Cace chuckled. She hadn't told him, and was glad he'd gone along with it.
"Unfortunately, that's just between him and me," she said. "It's how I know when highly sensitive orders are actually from him. Any regular old orders and everyday hold business, the normal Valin seal suffices. That's why he hasn't had a new seal made. He only adds the extra element when it's something very important that's only going to me."
"That's not a bad system," Rylen said after a minute.
"Like I told Jaron, once he starts thinking about a problem, he likes to get his head around every angle," she said over her shoulder.
"So you knew immediately he'd sent this army just for us to take care of?" Rylen asked next.
"Before he left last spring," Cace paused as she turned sideways to push herself around a corner. "He told me if they came across an army too big for Nahtan's army to take on, he'd do what he could to divide it and send some of it north to us. Based on what Lord Mo'ani told us, I'm betting he played it out that he turned traitor to convince Thorvald to send part of his army here to join us, knowing I would know the order was fake."
"It seems he put a lot of faith in us having that wall finished," Rylen commented.
"That's where the 'arrogant son of a bitch' comment came in," Cace chuckled. "It probably never occurred to him that we might have fallen behind schedule. He left here knowing we had the blocks cut and his agreement with you was in good standing to help us with men, so he just assumed we had it finished."
Cace stopped, ducking and covering her head as several rocks fell from above. The ground rumbled and shook for several seconds. The deep thundering slowly moved away as a few more rocks fell around them.
"That would be Jaron and the cavalry," Rylen noted.
"Damn," Cace muttered. "I didn't think we'd feel them this far over where they had to go out the east gate and circle around." Once she was sure the rocks were done falling, she started moving again.

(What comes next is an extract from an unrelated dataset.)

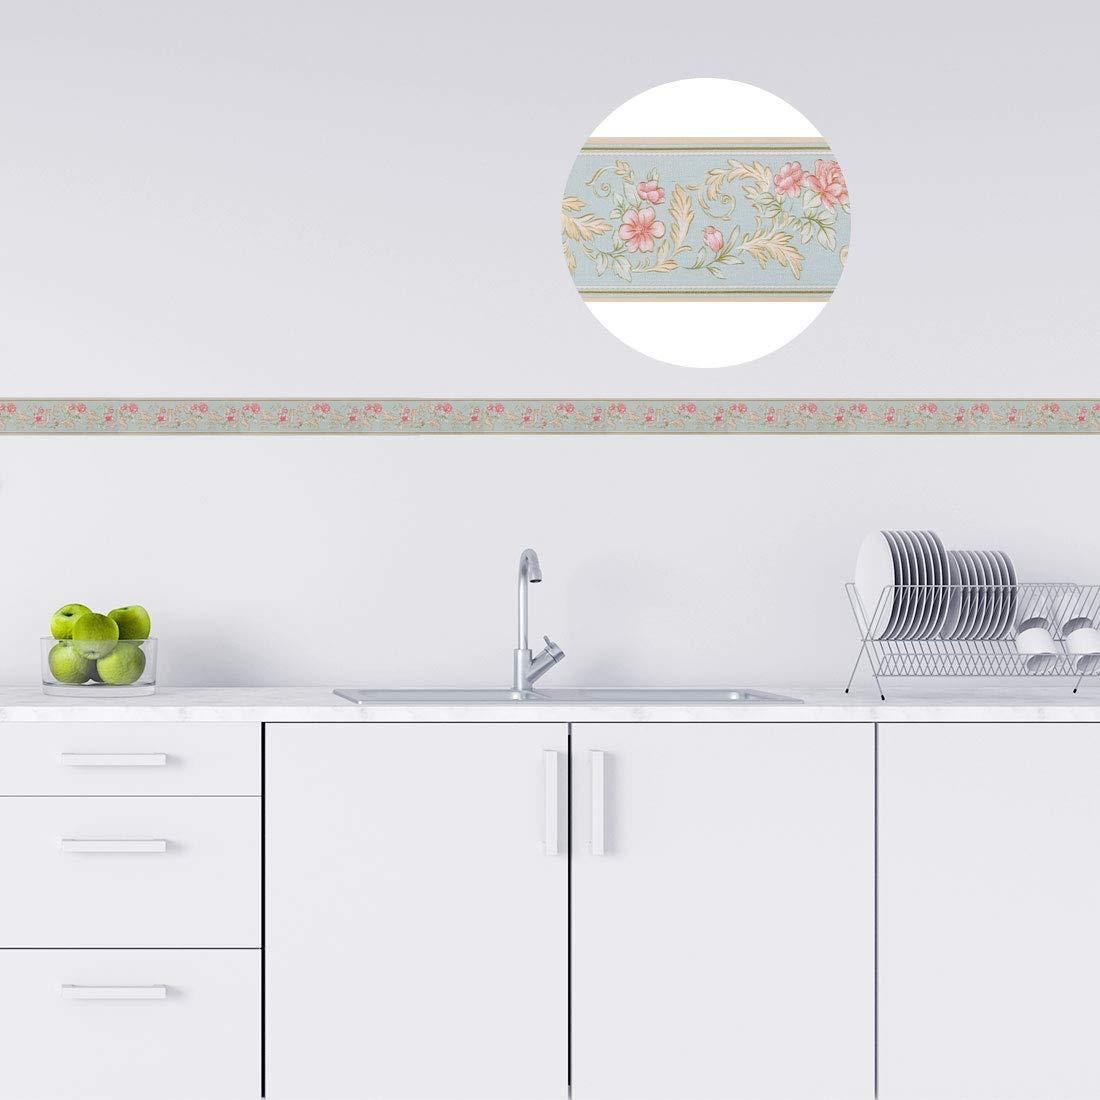 Full Size of Sourcing Map 3d Wand Papier Grenze Selbstklebend Wandbelag Pvc Grifflose Küche Modulküche Holz Bodenbelag Led Deckenleuchte Gardinen Für Die Weiß Matt Küche Wandbelag Küche

She was glad they'd put in the bracing as close together as they had through here, or the vibrations from the cavalry's charge just might have caved in the passage around them.
"He had a lot of Dweller's horses in there," Rylen reminded her. "Even without riders, they make an entrance."
"Yes, they do," she agreed. She paused to feel her way around another corner. "We should be almost there, this should be the last turn."
"I'm glad one of us knows where we are."
They continued along the passage, eventually coming to the small hollowed out area with the ladder that would lead up to the building where they'd left their armor and cloaks. She climbed the ladder first, pausing at the top to pound a few times on the underside of the trapdoor there, then unlock it and push it open.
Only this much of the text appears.